The two main “Known Unknowns” are (1) model inadequacy and (2) numerical discretization error and these are typically defined by various error bounds in the current literature. We can do better. I adopted the Kennedy and O’Hagan framework for this research as both forms of Known-Unknowns can be formally accounted for in a probabilistic setting. Daniel Lakeland alludes to this in that the ODE/PDE systems are not the *correct* physical system and we should admit this and account for it.

When I wrote the abstract for the paper I tried to argue that having a well-defined probability measure on the infinite dimensional space of functions that are consistent with the system of differential equations allows the modeler to pose and answer questions such as “what level of discretisation is required before our overall uncertainty gets beyond limits we deem unacceptable when making subsequent inference about the system model?” The paper Marcos pointed to is suggestive of this point. Furthermore as Dan Simpson mentions taking the view that the ‘forward solve’ is drawing samples of functions from a probability measure may also highlight longer term instabilities without recourse to running the solver “zillions’ of times.
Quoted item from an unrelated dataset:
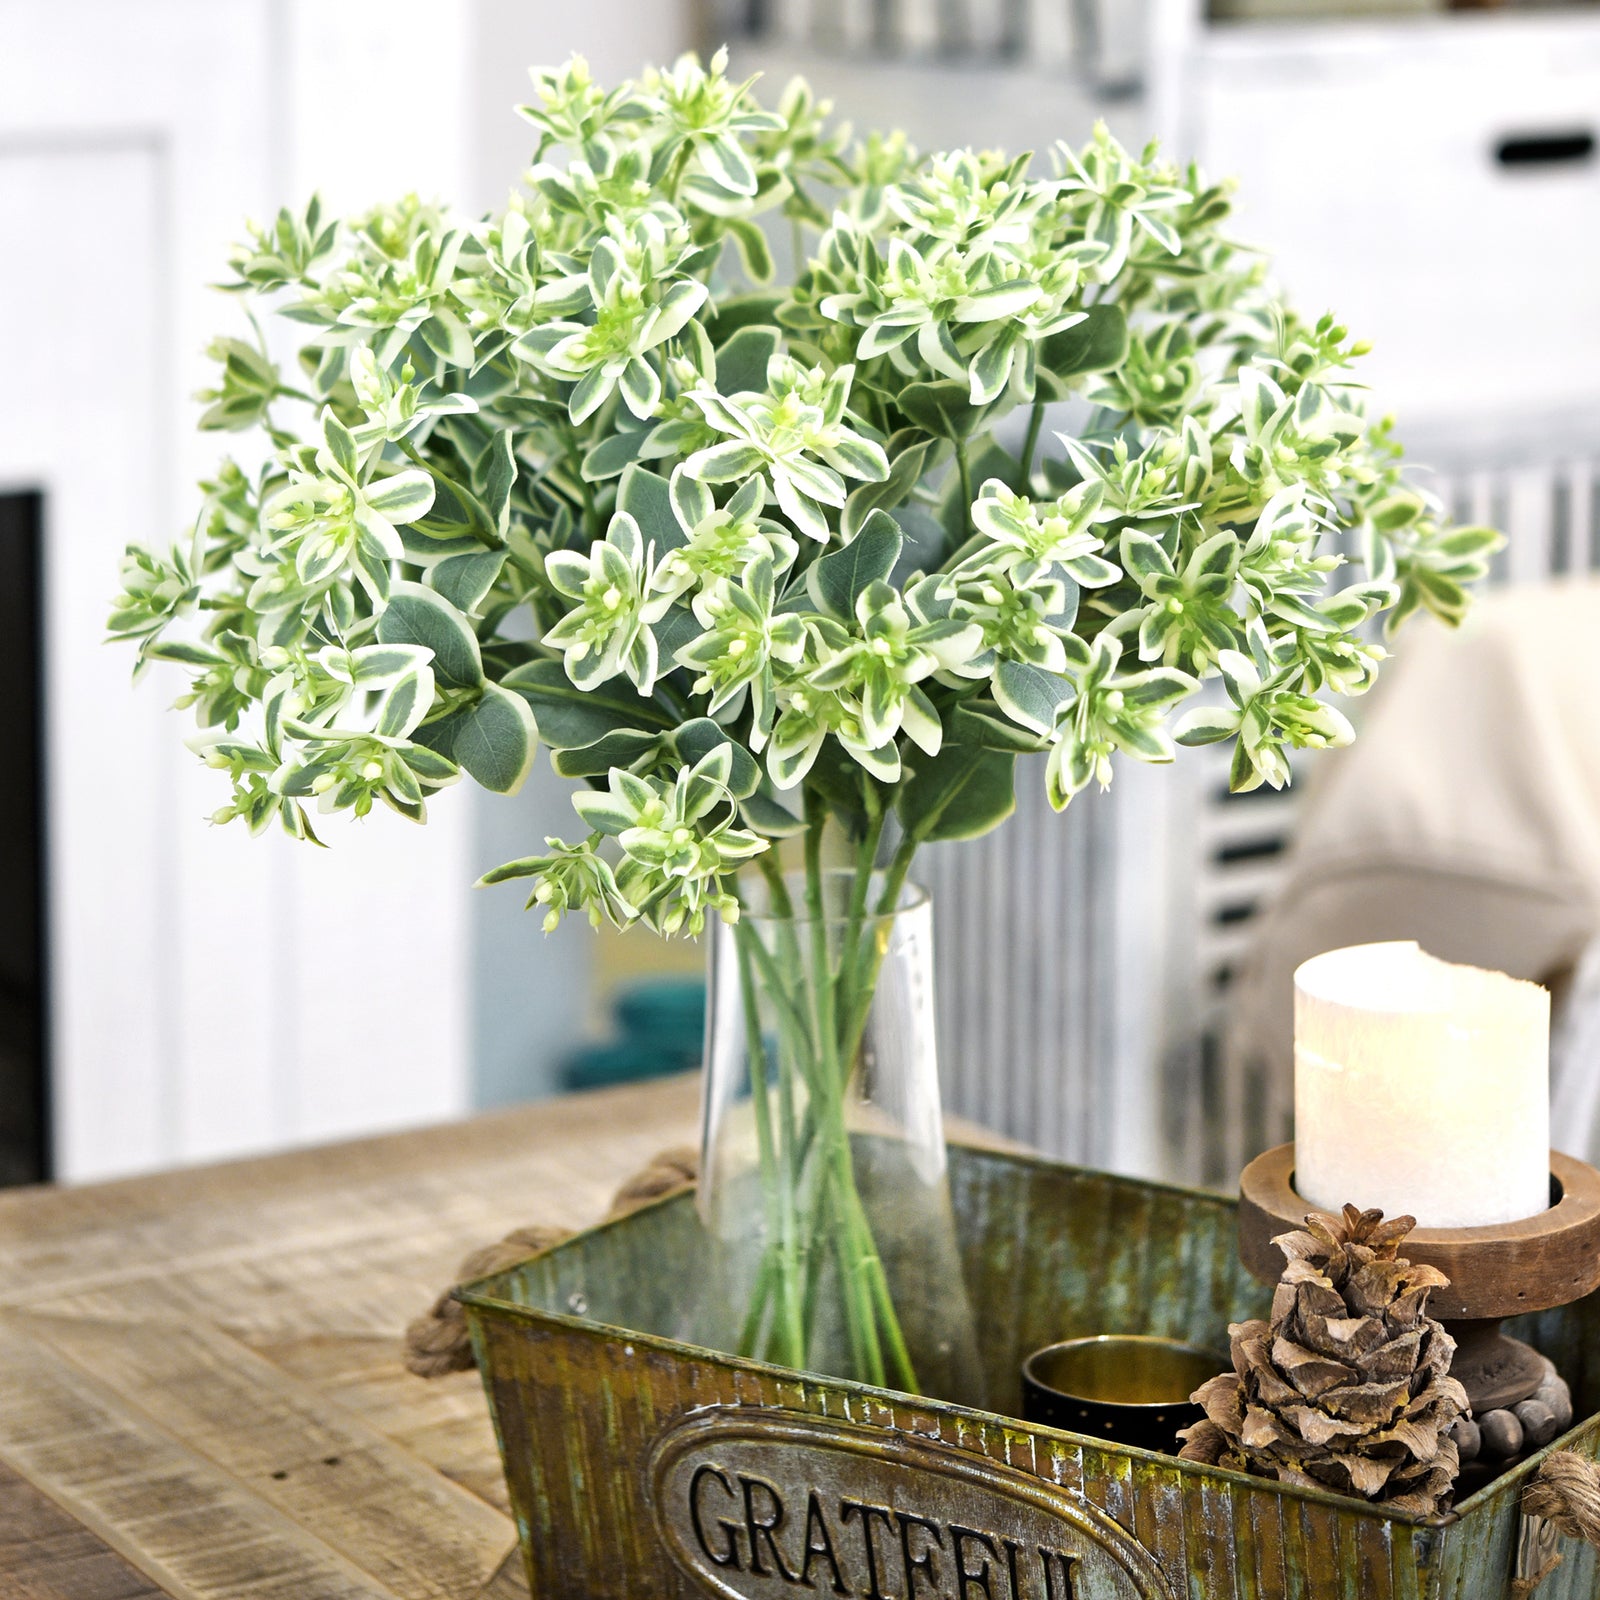 FiveSeasonStuff Snow on the Mountain Euphorbia Marginata Artificial Leaves and Branches Filler Greenery 18 inches 6 Stems

Finally the algorithm we developed in the paper is most certainly not the last word on ‘probabilistic solvers’. It is but the first attempt, a proof-of-concept if you will, in providing a sampling based method that at least has the comfort of consistency guarantees in the case of IVPs. However there is no doubt that smarter, more time, computation, and statistically efficient methods and their associated algorithms will, and must, be developed.

I make the case in the discussion of the paper that the same order of algorithmic scaling can be achieved for Probabilistic Integrators as for existing deterministic codes. Though I prefer to think of them as Sampling schemes from Probability Measures over the Functional Space.

To enable the quantification and propagation of uncertainty in the modeling process I foresee a time when there will be suites of highly efficient codes, that allow this form of functional sampling, as part of the day-to-day Applied Mathematicians, Modelers and Engineers toolbox just as non-probabilistic methods such as Crank-Nicholson etc etc etc are today.

Mark,

it seems quite reasonable that you focus primarily for numerical discretization error. Your interest is not in the ‘correct’ physical modelling of a pheonomenon, but rather the use of discretized numerical methods to accurately capture the dynamics of a continuous ODE. The interesting thing is that you have used Bayesian methods / uncertainty to try to identify the most likely (continuous) solutions to the true continuous ODE, while most numerical analysts will look at the various inaccuracies of the numerical schemes, the odd behaviour of discretized systems and the various oddities that discretization induces (i.e., artifacts of the discretization). You instead want to focus on the true ODE (note I did not say true model) and what (discrete) numerical information you have in order to reduce the uncertainty. This is really a novel way of doing things.

Probabilistic methods are gaining ground in areas of numerical analysis previously only covered by deterministic schemes (e.g., Probabilistic Linear Algebra). It seems quite reasonable that probabilistic method should gain more ground in PDEs/ODEs, although I believe you are only using probabilistic reasoning, rather than true randomization of output (i.e., a MCMC). It might be interesting to put both into the picture, which could make for a tight enough posterior with less systems constraints.